Here are some baseline expectations we expect you to meet:

Follow the course collaboration policies
Do not round any outputs or return values for this assignment!

If you are developing on Ed, all the files are there. If you are developing locally, you should download the starter code hw2.zip and open it as the project in Visual Studio Code. The files included are:

hw2_manual.py: The file for you to put solutions to Part 0.
hw2_pandas.py: The file for you to put solutions to Part 1.
hw2_test.py: The file for you to put your tests for Part 0 and Part 1.
cse163_utils.py: A file where we will store utility functions for helping you write tests.
run_hw2.py: A client program provided to call your functions. This is just for your convenience.
pokemon_box.csv: A CSV file that stores information about Pokemon. This columns of this file are explained below.
pokemon_test.csv: A very small CSV file that stores information about Pokemon. This columns of this file are explained below.

For this assignment, you will be working with a dataset of Pokemon that you have caught on your Pokemon journey so far. The file pokemon_box.csv stores all the data about the captured Pokemon and has a format that looks like:

id	name	level	personality	type	weakness	atk	def	hp	stage
1	Bulbasaur	12	Jolly	Grass	Fire	45	50	112	1
...	...	...	...	...	...	...	...	...	...

Note that because this is a CSV file, the file contents have these cells separated by commas.

Column Descriptions

id: Unique identification number corresponding to the species of a Pokemon. Note that if there are multiple Pokemon of the same species in the dataset, they all share the id.
name: Name of the species of Pokemon. For example Pikachu.
level: The level of this Pokemon (an integer)
personality: A one-word string describing the personality of this Pokemon
type: A one-word string describing the type of the Pokemon (e.g. "Grass" for Bulbasaur)
weakness: What type this Pokemon is weak to. For example, Bulbasaur is considered weak to the fire type.
atk, def, hp: Pokemon stats that indicate how many hits a Pokemon can take (hp), how strong its attacks are (atk), and how much hits affect it (def)
stage: Indicates if this Pokemon has evolved into a new species. For example, in the Charmander species (stage 1), it evolves into a Charmeleon (stage 2), which evolves into Charizard (stage 3).
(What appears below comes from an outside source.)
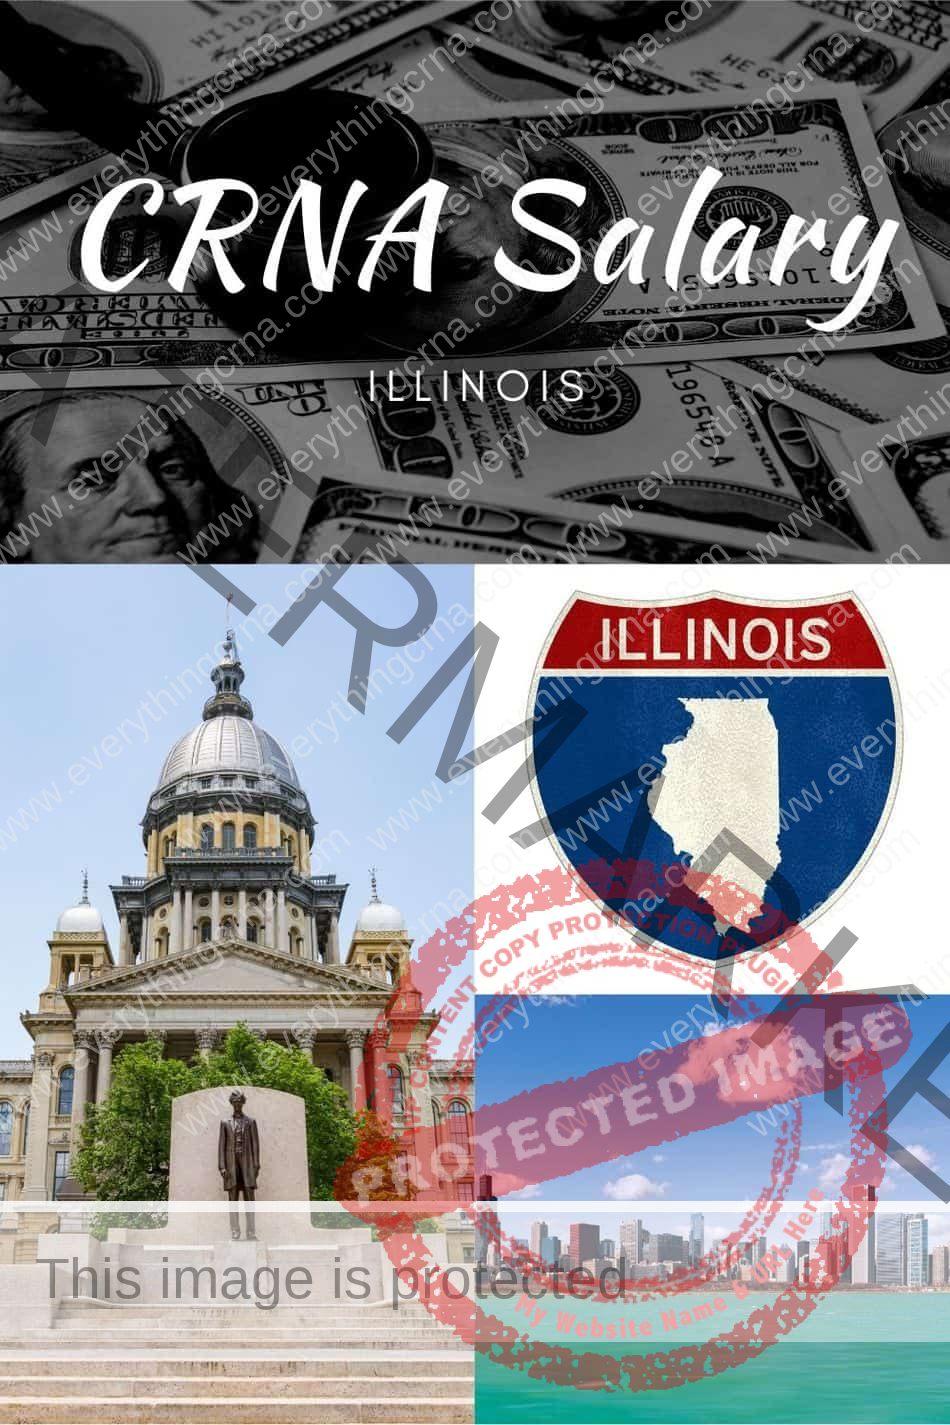 CRNA Salary in Illinois

In this part of the homework, you will write code to perform various analytical operations on data parsed from a file into the list of dictionaries represenation.

For this step of the assignment, you will be implementing various functions to answer questions about the dataset.
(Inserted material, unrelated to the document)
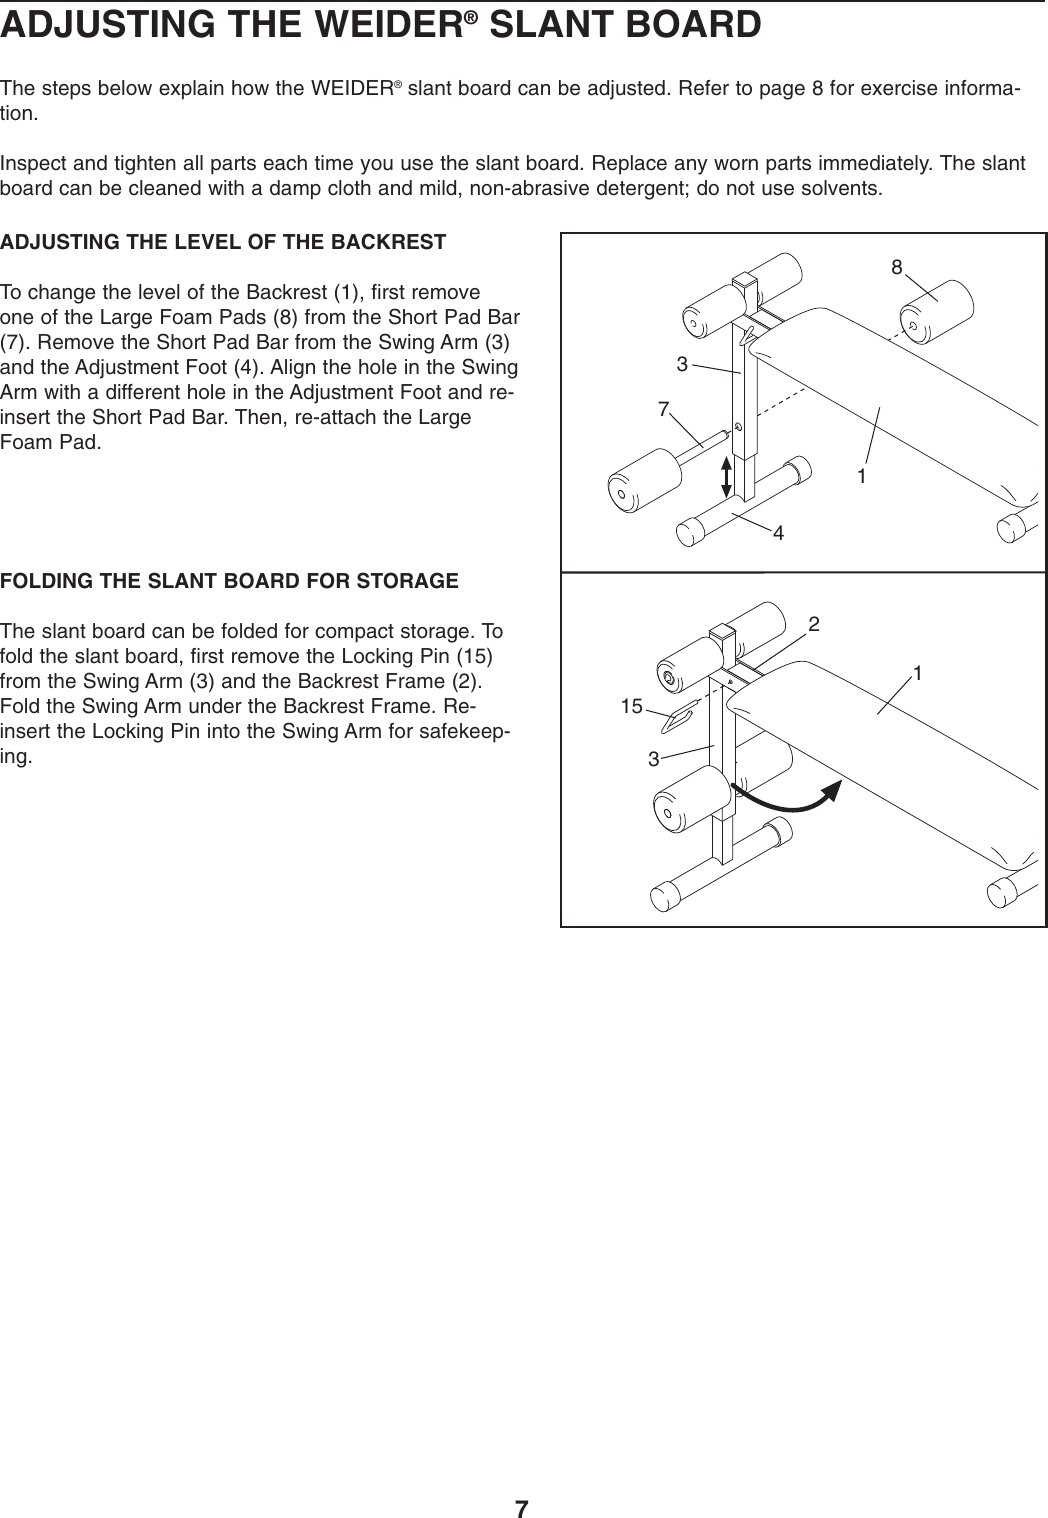 Page 7 of 12 - Weider Weider-Slant-Board-Bench-Weccbe1000-Users-Manual- *WECCBE10000-165877(CEN)  Weider-slant-board-bench-weccbe1000-users-manual

Each function should take the list returned by the cse163_utils.parse function (provided for you) as the first argument, along with any other arguments specified in each problem. For example, for the third function, we would call filter_range(data, 1, 10) where data was the list returned by cse163_utils.parse.
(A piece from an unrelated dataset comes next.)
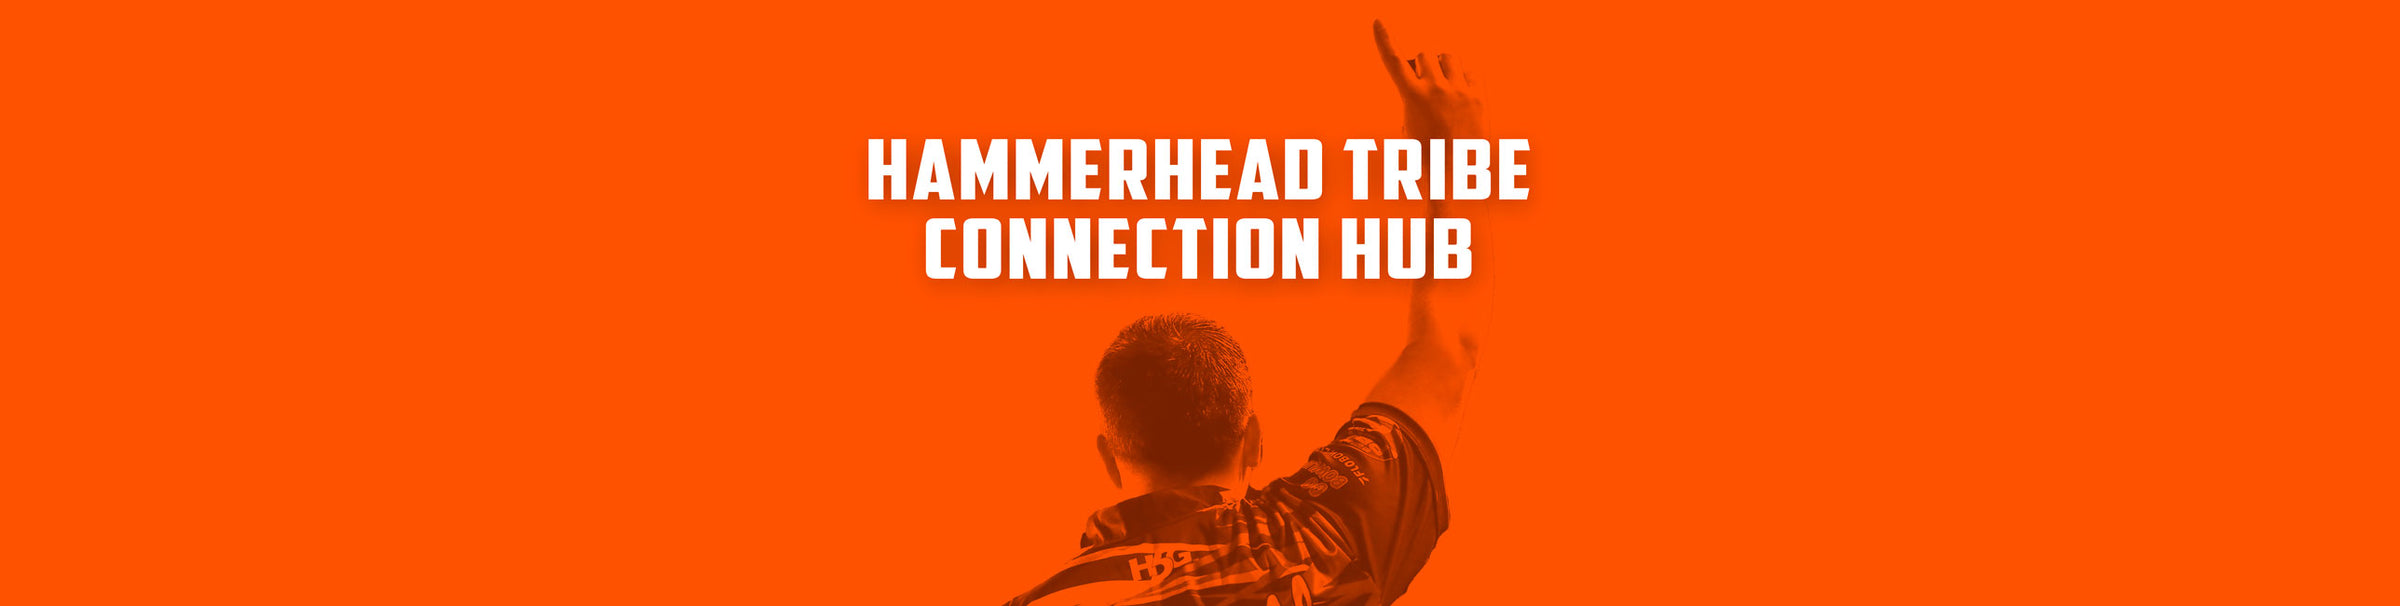 Hammerhead Tribe Connection Hub Header

This data structure should not be modified by any function you write. Every problem that deals with strings should be case-sensitive (this means "chArIzard" is a different species than "Charizard"). You may make the following assumptions about the inputs:

You may assume the given list is non-empty for all functions you implement.
For each problem, you may assume we pass parameters of the expected types described for that problem and that those parameters are not None.
You should make no other assumptions about the parameters or the data.

For each of the problems, we will use the file pokemon_test.csv to show what should be returned.

id,name,level,personality,type,weakness,atk,def,hp,stage
59,Arcanine,35,impish,fire,water,50,55,90,2
59,Arcanine,35,gentle,fire,water,45,60,80,2
121,Starmie,67,sassy,water,electric,174,56,113,2
131,Lapras,72,lax,water,electric,107,113,29,1

All functions for this part of the assignment should be written in hw2_manual.py
For this part of the assignment, you may import the math module, but you may not use any other imports to solve these problems.

Problem 1: `species_count`

Write a function species_count that returns the number of unique Pokemon species (determined by the name attribute) found in the dataset. You may assume that the data is well formatted in the sense that you don't have to transform any values in the name column.